Serum sodium every 1-2 hours, strict urine output measurement, fluid balance, hemodynamics. Watch for rebound hyponatremia if DDAVP effect is too strong or prolonged relative to fluid intake.

Contraindications/Cautions:

Not indicated if hyponatremia is due to primary polydipsia or if there’s no evidence of aquaresis. Use with caution in heart failure due to potential for fluid retention.

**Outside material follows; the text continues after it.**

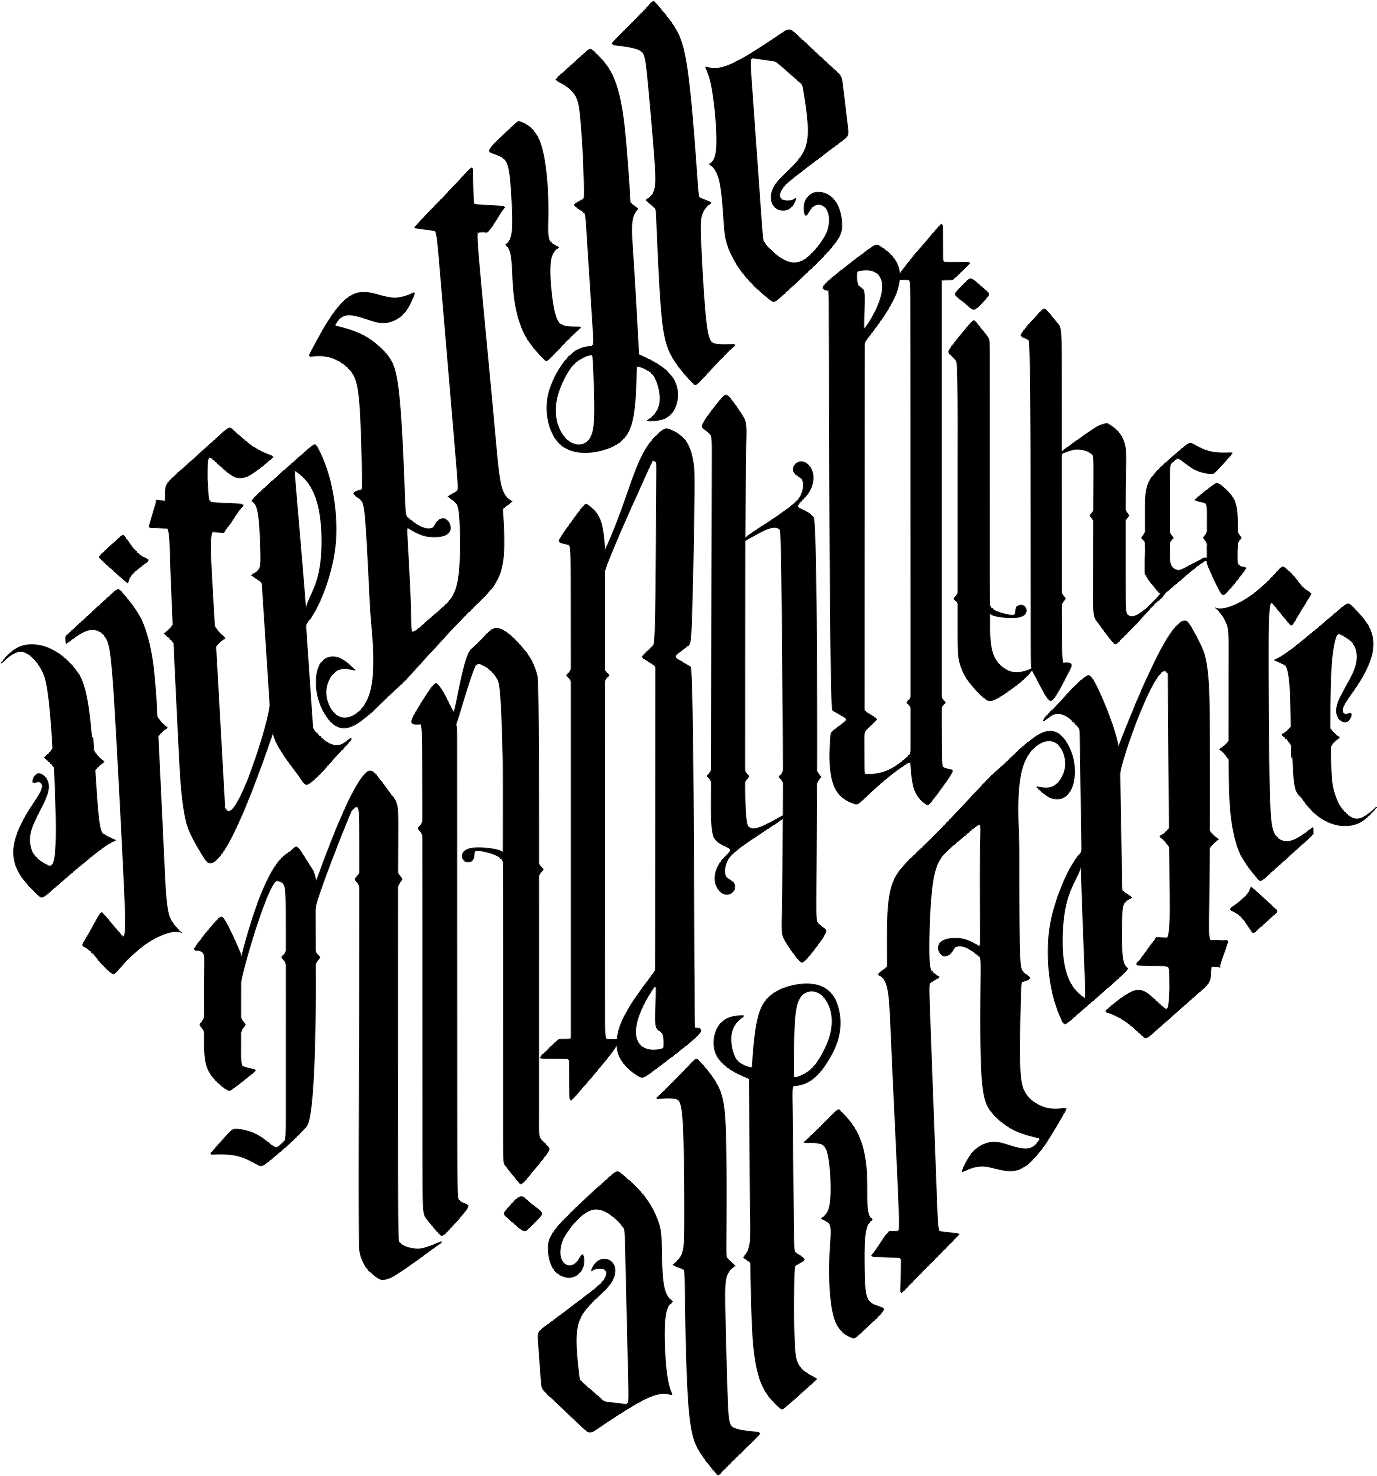 Create diamond shape ambigram for printing or tattoos by Sirokejejian |  Fiverr

C. Integration and Algorithmic Approach to Overcorrection

A stepwise approach is recommended when overcorrection is identified:

Editor’s Note: Detailed protocols for the proactive combined use of hypertonic saline and DDAVP (“DDAVP clamp”) for initial treatment of severe hyponatremia are complex and typically covered in specialized nephrology or critical care guidelines. The focus here is on rescue from inadvertent overcorrection.

V. Goals-of-Care Discussions

In certain clinical scenarios, particularly when severe hyponatremia (often due to Syndrome of Inappropriate Antidiuresis – SIADH) complicates a terminal illness, the intensity of monitoring and correction strategies must be aligned with the patient’s overall goals of care. Aggressive interventions may not be appropriate or desired if they impose significant burden without improving quality of life or aligning with prognostic realities.

• Identify Contexts: Common situations include refractory malignancy, advanced end-stage organ failure (e.g., heart, liver, kidney disease), or severe irreversible neurological conditions.
• Structured Communication: Employ established frameworks for goals-of-care conversations (e.g., SPIKES – Setting, Perception, Invitation, Knowledge, Emotions, Strategy/Summary). This ensures a patient-centered approach.
• Discuss Risks and Benefits: Clearly explain the potential benefits of sodium correction (symptom relief) versus the burdens (frequent blood draws, fluid restrictions, potential for ODS if not managed carefully, ICU admission).
• Document Preferences: Meticulously document the patient’s (or their surrogate’s) wishes regarding the intensity of interventions, limits on correction targets, and any do-not-escalate or do-not-resuscitate orders. This may include decisions to focus on symptomatic management (e.g., fluid restriction, oral urea) rather than aggressive IV therapies.